The result is health just keeps growing. Jensen tests his hypothesis with two case studies, Denmark and Australia, as well as data from across the developed world.

We see the same phenomenon in Canada. This year, the looming renegotiation of the federal-provincial Health Accord – renewing Paul Martin's “fix for a generation” – was a key issue in the federal election.

Before 2006, Stephen Harper's position was simple. Asked about the accord in 2005, Harper answered: “I would rather have the federal government focus on the things it can do and let the other governments get on with the issues they are supposed to deal with.”

As the election opened, the Liberals tried to make the accord a key issue, pledging billions in new money for a post-2014 Health Accord with the provinces. Within minutes, the NDP matched the Liberal pledge. And within hours, the Conservatives had matched them both.

Stephen Harper was determined not to repeat the mistake of the 2004 campaign, where he let Paul Martin define him as supporting Ralph Klein’s musings on private health care – and wound up taking a surprising defeat as a result. In a single day, all three major parties promised to extend transfers to the provinces at 6 per cent annually, guaranteeing a multi-billion dollar increase in funding.

The quick match of the Liberal position makes perfect sense for the Conservatives politically. The issue was certainly salient. After the election, Nik Nanos found health care negotiations with the provinces were the No. 1 issue Canadians wanted Stephen Harper to address.
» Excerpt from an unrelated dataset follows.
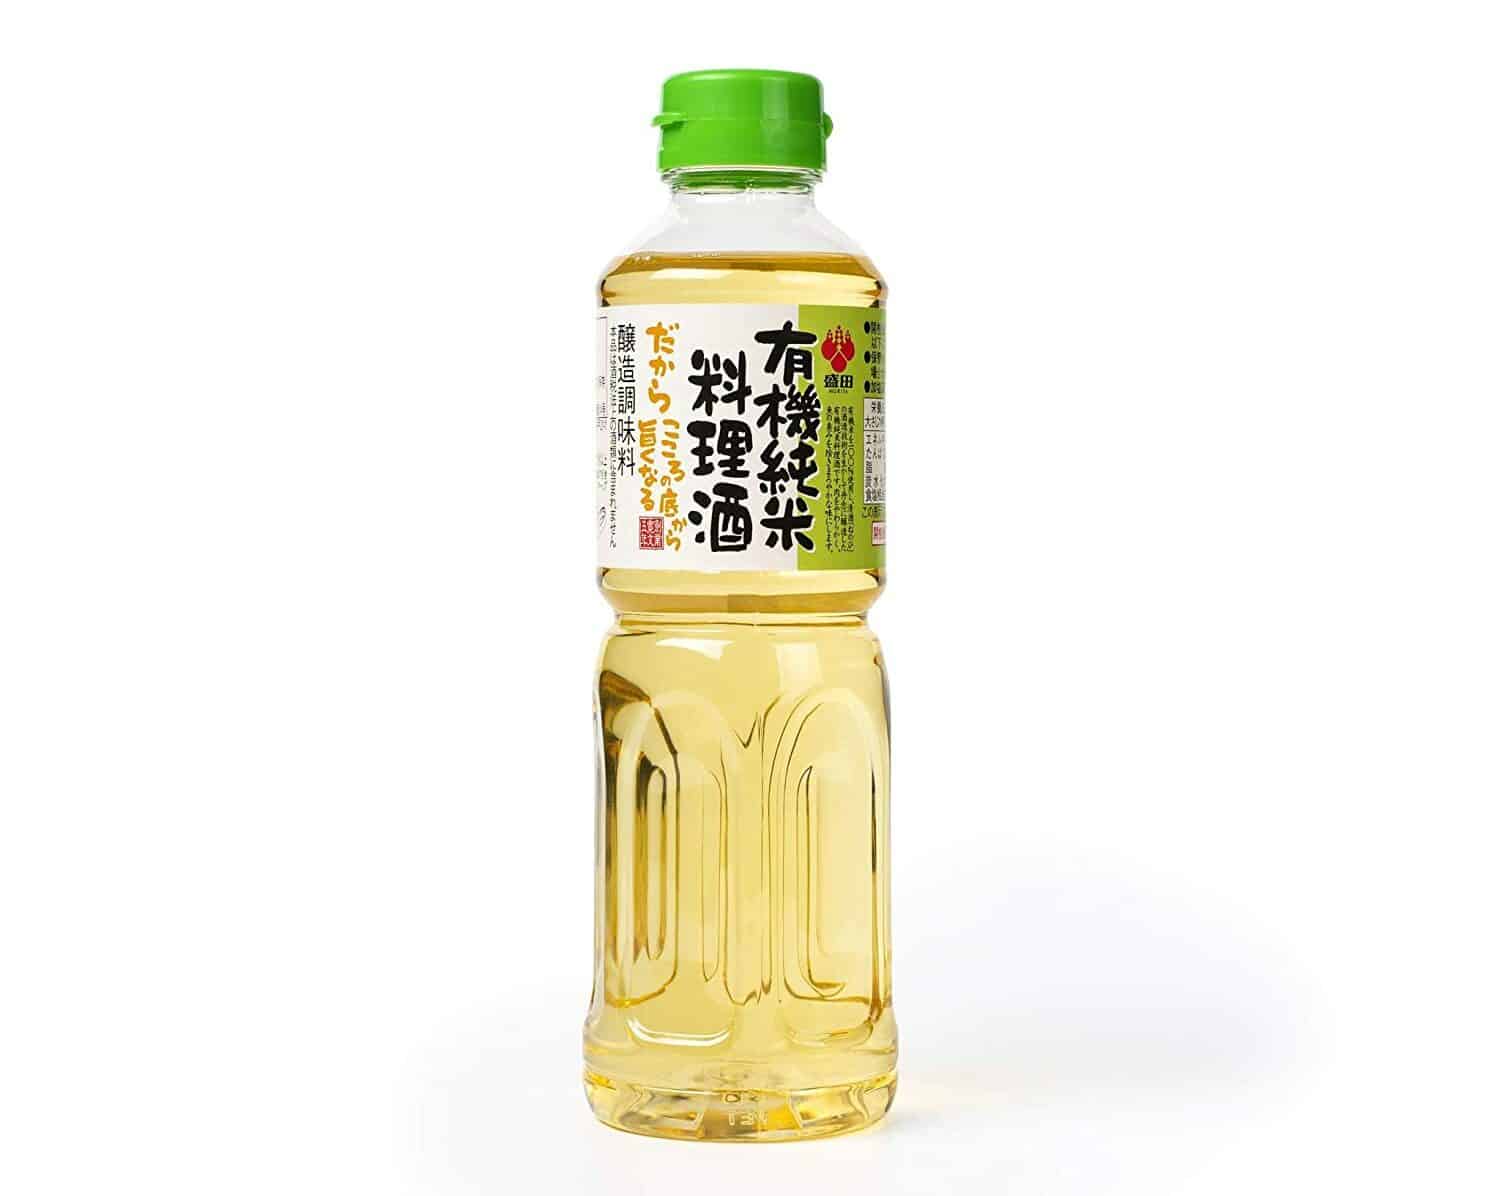 أفضل من أجل الطبخ العضوي: Morita Premium Organic Cooking Sake
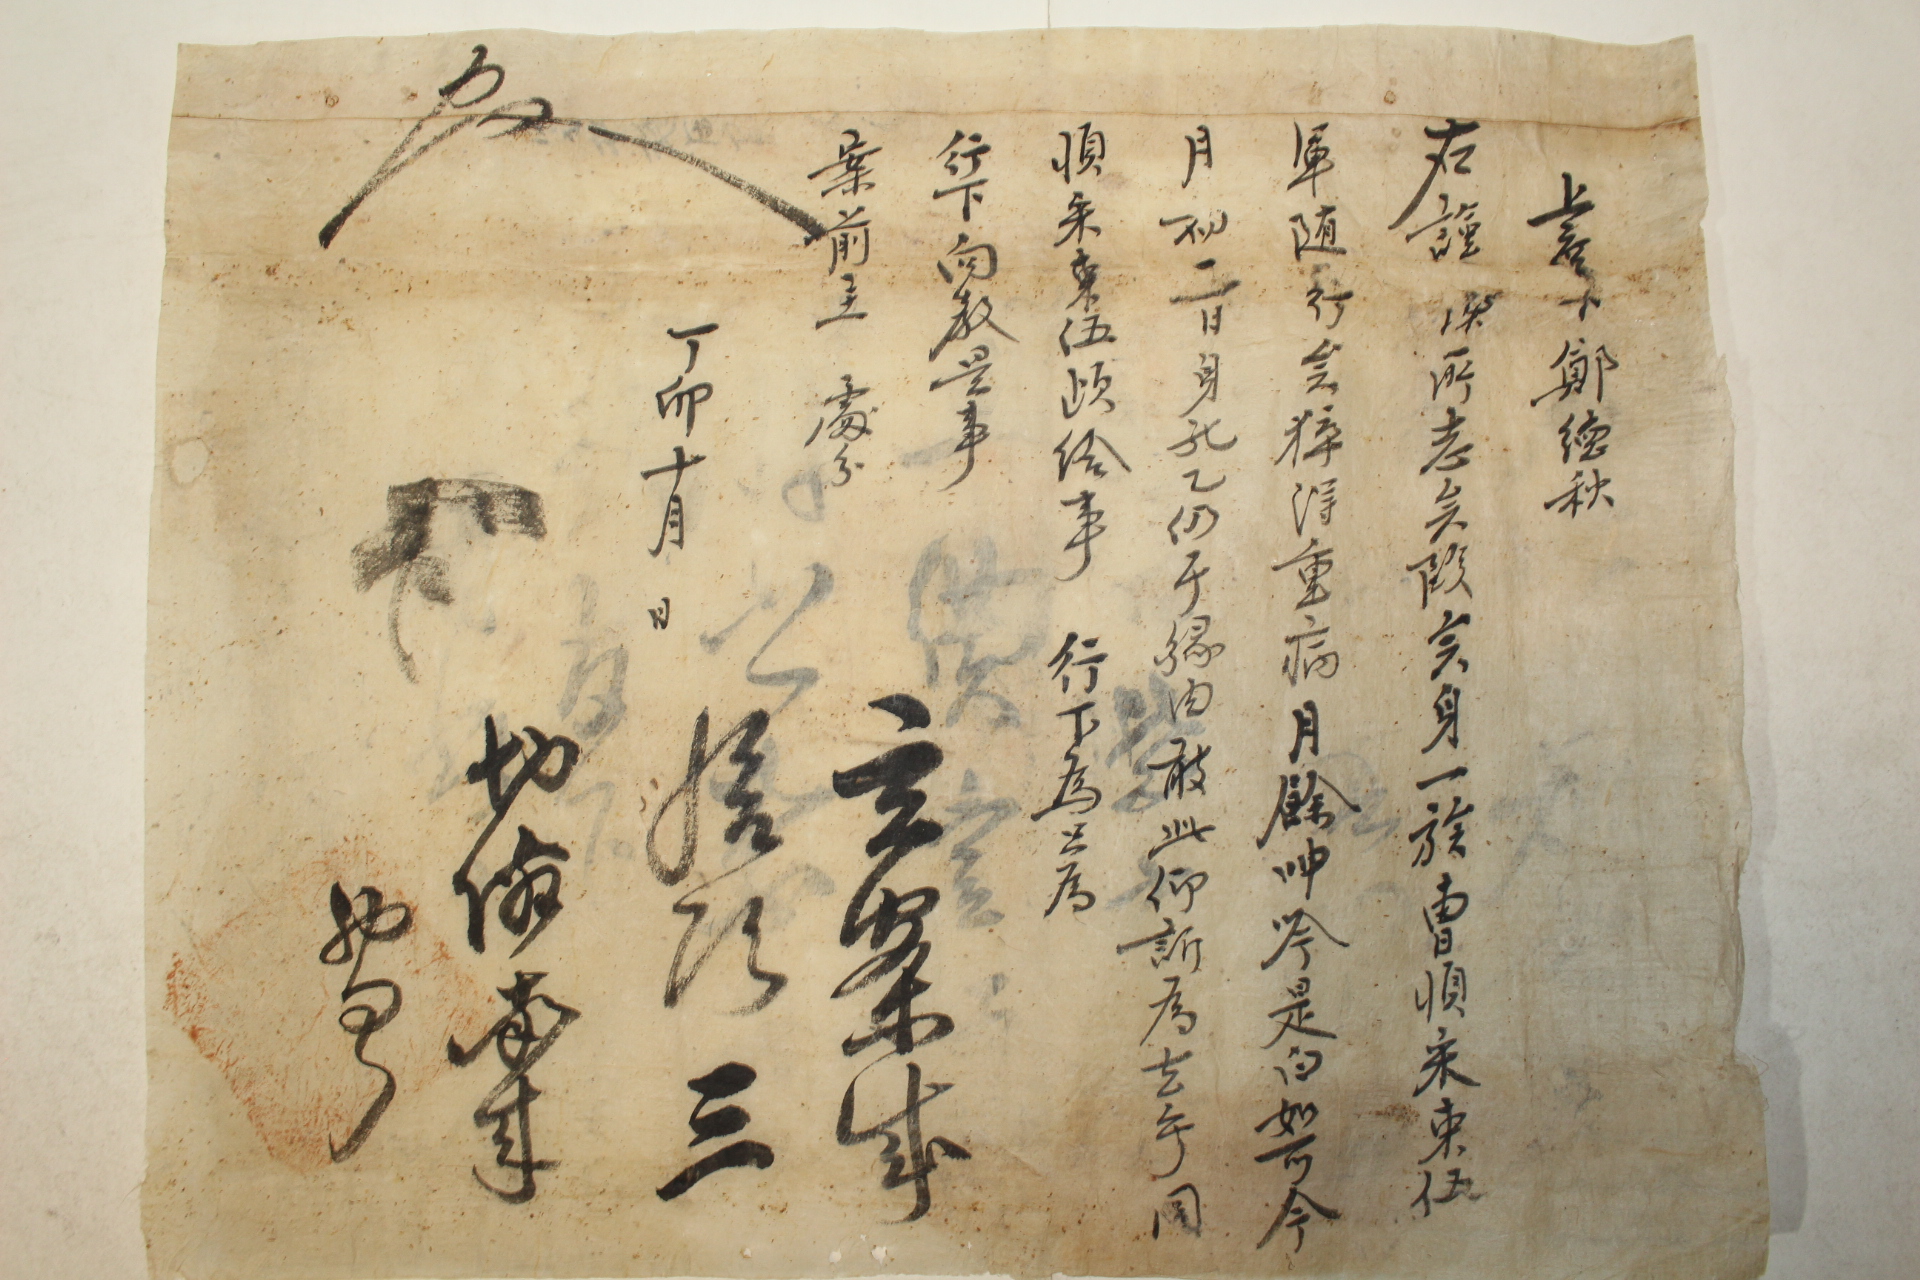 조선시대 경평군(慶平君)문서외 수군관련문서 18장 일괄(추가사진)

The issue was also one that the Conservatives did not want to spend any time on. Private coverage and lower funding split the Conservative Party coalition, so they wanted to fight the election elsewhere. By matching the spending commitments of the opposition, they were able to do that.

The Canadian case study reinforces Jensen’s basic finding: If you want a way to explain accelerating health care spending, don’t just point to the left. Parties on right are just as responsible for the extraordinary increases.